Personal information
- Full name: Santiago Montoya Muñoz
- Date of birth: September 15, 1991 (age 33)
- Place of birth: Medellín, Colombia
- Height: 1.73 m (5 ft 8 in)
- Position(s): Attacking midfielder / Winger

Team information
- Current team: Motagua
- Number: 24

Youth career
- 2005–2010: Atlético Nacional
- 2011–2012: All Boys

Senior career*
- Years: Team / Apps / (Gls)
- 2012–2013: All Boys / 25 / (2)
- 2013–2017: Vasco da Gama / 23 / (1)
- 2015–2016: → Vitória (loan) / 7 / (0)
- 2015–2016: → Vitória B (loan) / 11 / (3)
- 2016–2017: → Deportes Tolima (loan) / 42 / (10)
- 2018–2020: Millonarios / 36 / (2)
- 2021: Atlético Bucaramanga / 30 / (0)
- 2022: Deportivo Pereira / 10 / (1)
- 2023–: Motagua / 0 / (0)

International career^{‡}
- 2017: Colombia / 1 / (0)

= Santiago Montoya =

Colombian footballer (born 1991)

Santiago Montoya Muñoz (born 15 September 1991) is a Colombian footballer who plays for F.C. Motagua.
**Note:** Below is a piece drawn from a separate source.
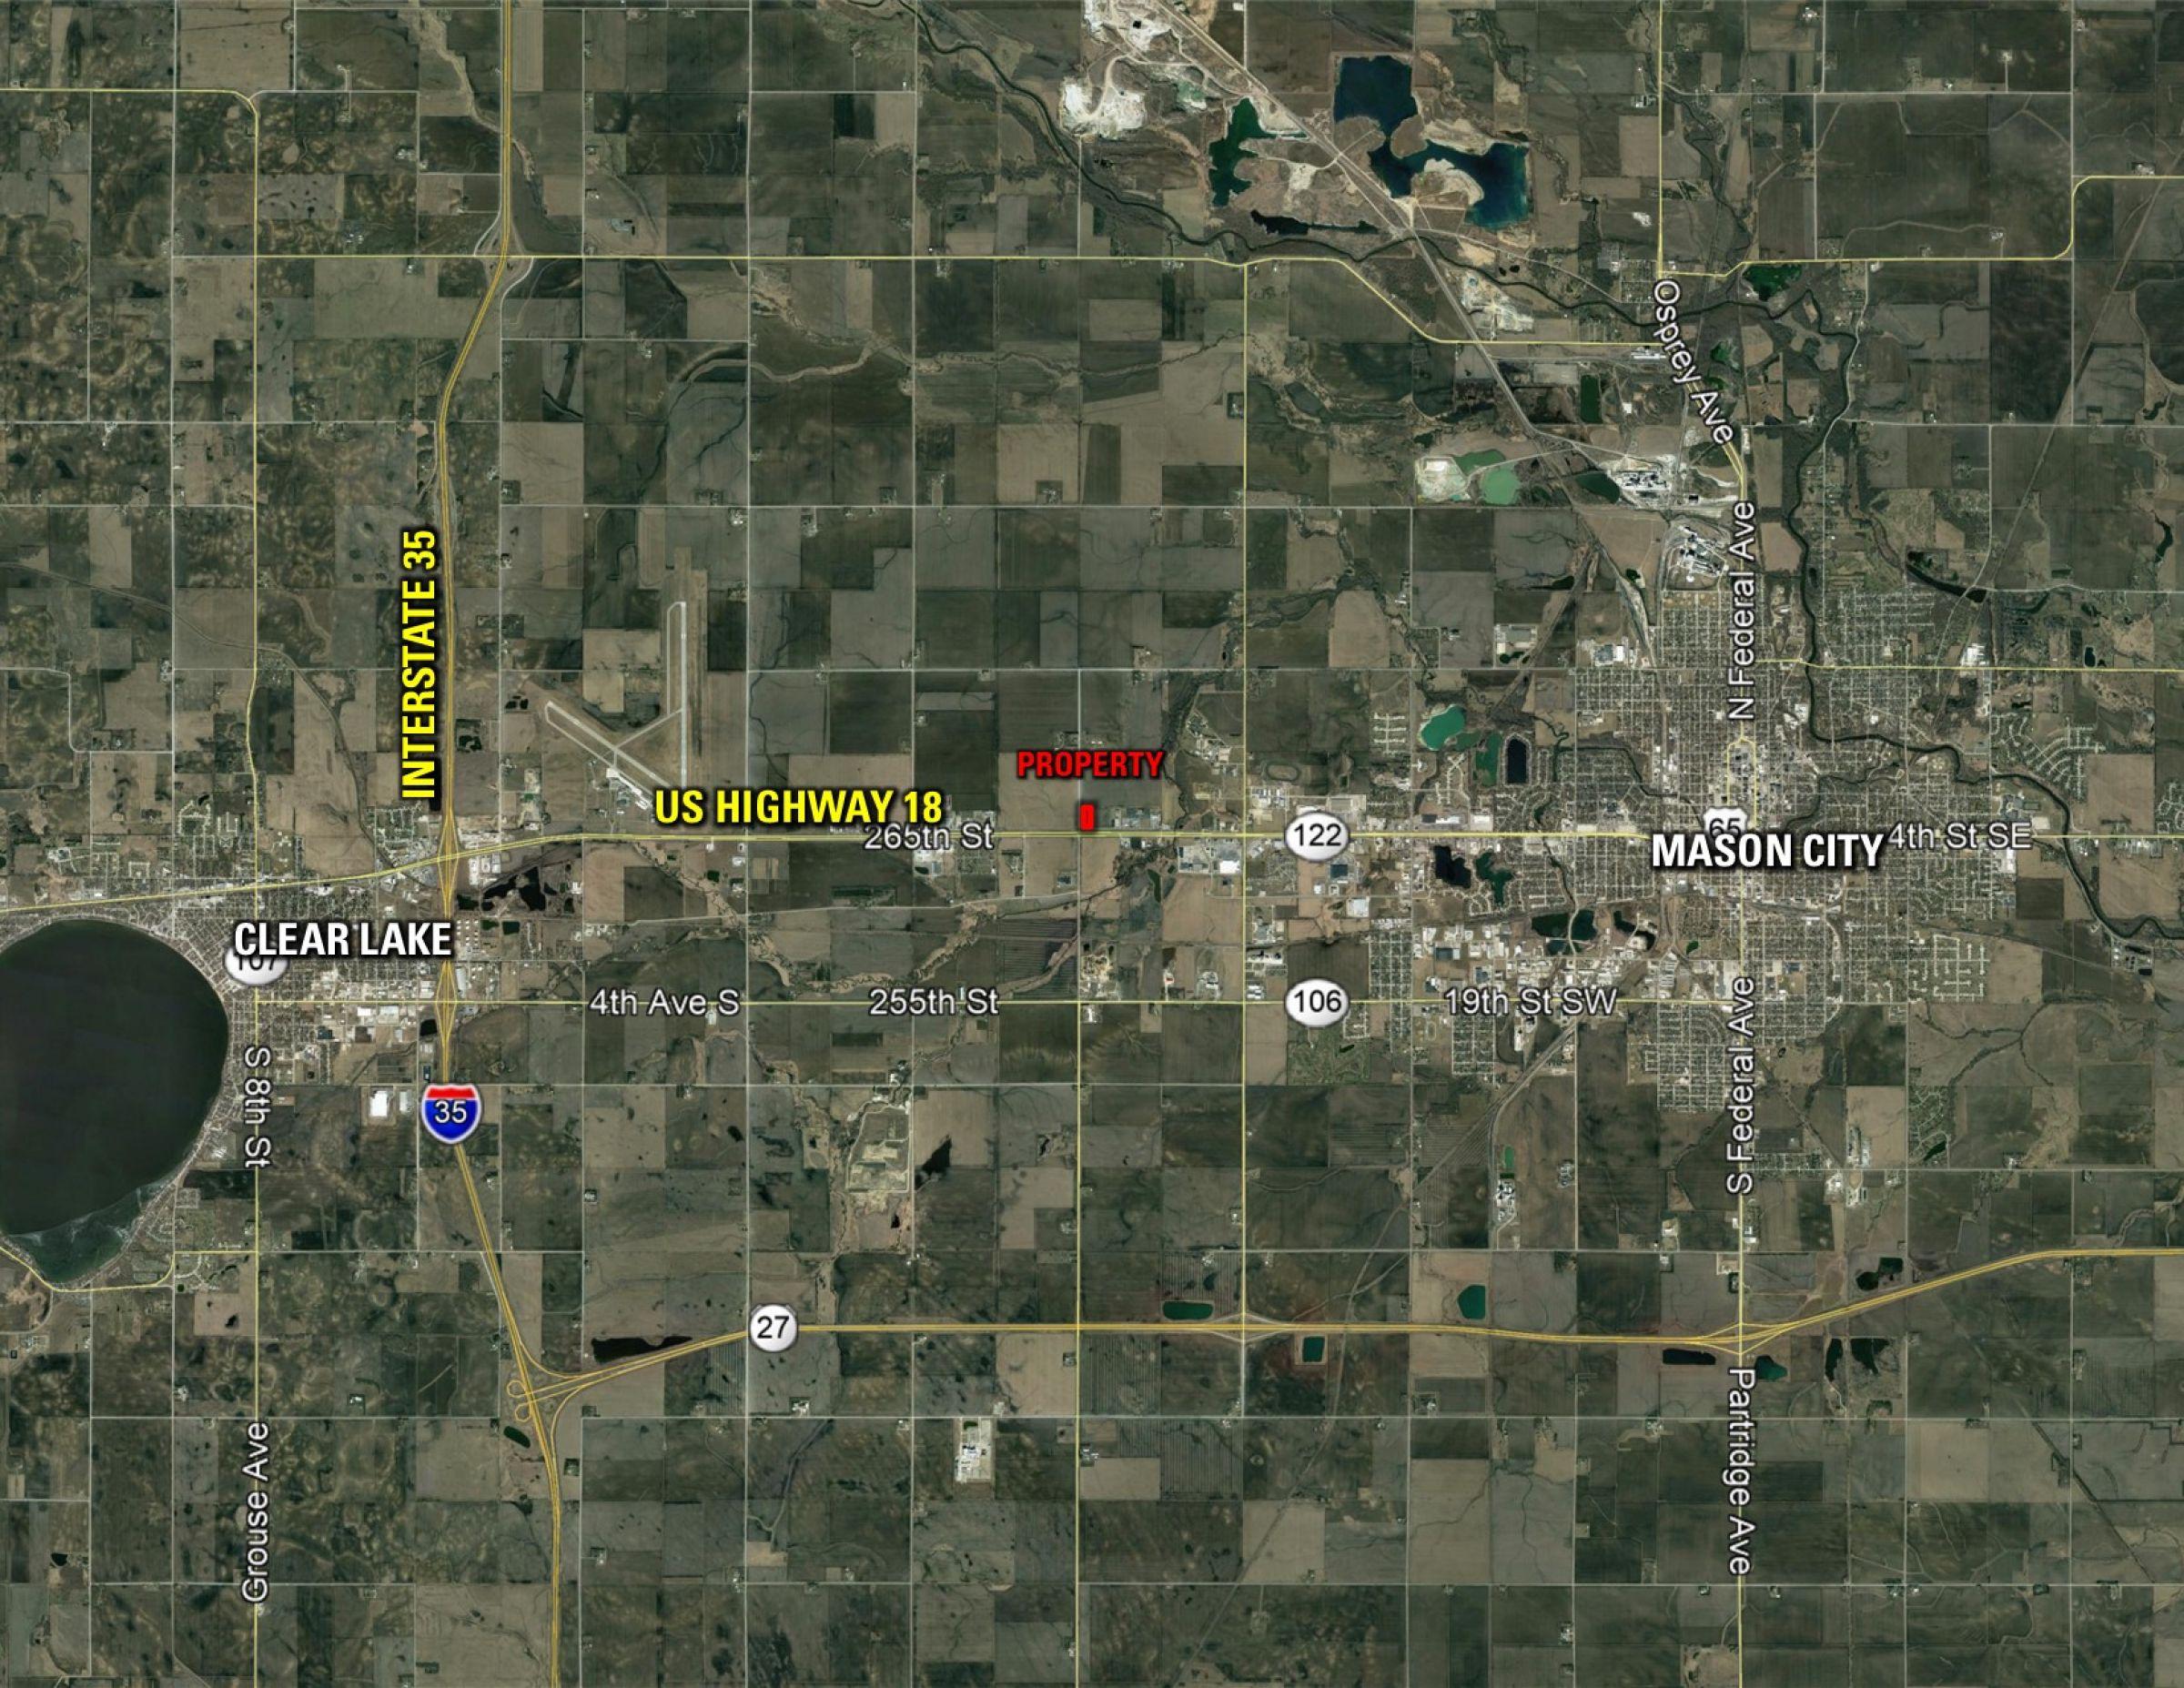 development-land-commercial-cerro-gordo-county-iowa-4-acres-listing-number-15642-1-2021-07-20-181649.jpg

He primarily plays as a left winger.

==Club career==

===Early career===
Born in Medellín, Montoya is a product of the youth setup led by Atlético Nacional. Due to the high amount of competition there was at the Colombian club, Montoya decided to migrate to Argentina in search of new opportunities. Despite losing faith in playing for Nacional, Montoya regarded himself as a player with high potential. Eventually, that would lead him to try out for All Boys and finally sign with the club in 2011.

===All Boys===
Montoya made his debut for All Boys on 6 October 2012 in a game against San Martín for the 2012 Apertura tournament. He was substituted on in the second half for Francisco Martínez. He noticeably netted a goal from a free kick in the 2012–13 Copa Argentina match against Brown de Adrogué. On 3 March 2012, he scored his first goal in the aperatura in a 2-1 away loss against Tigre.

===Vasco da Gama===
In the month of June 2013, it was announced that Montoya had joined Vasco da Gama for a fee of $1.5 million.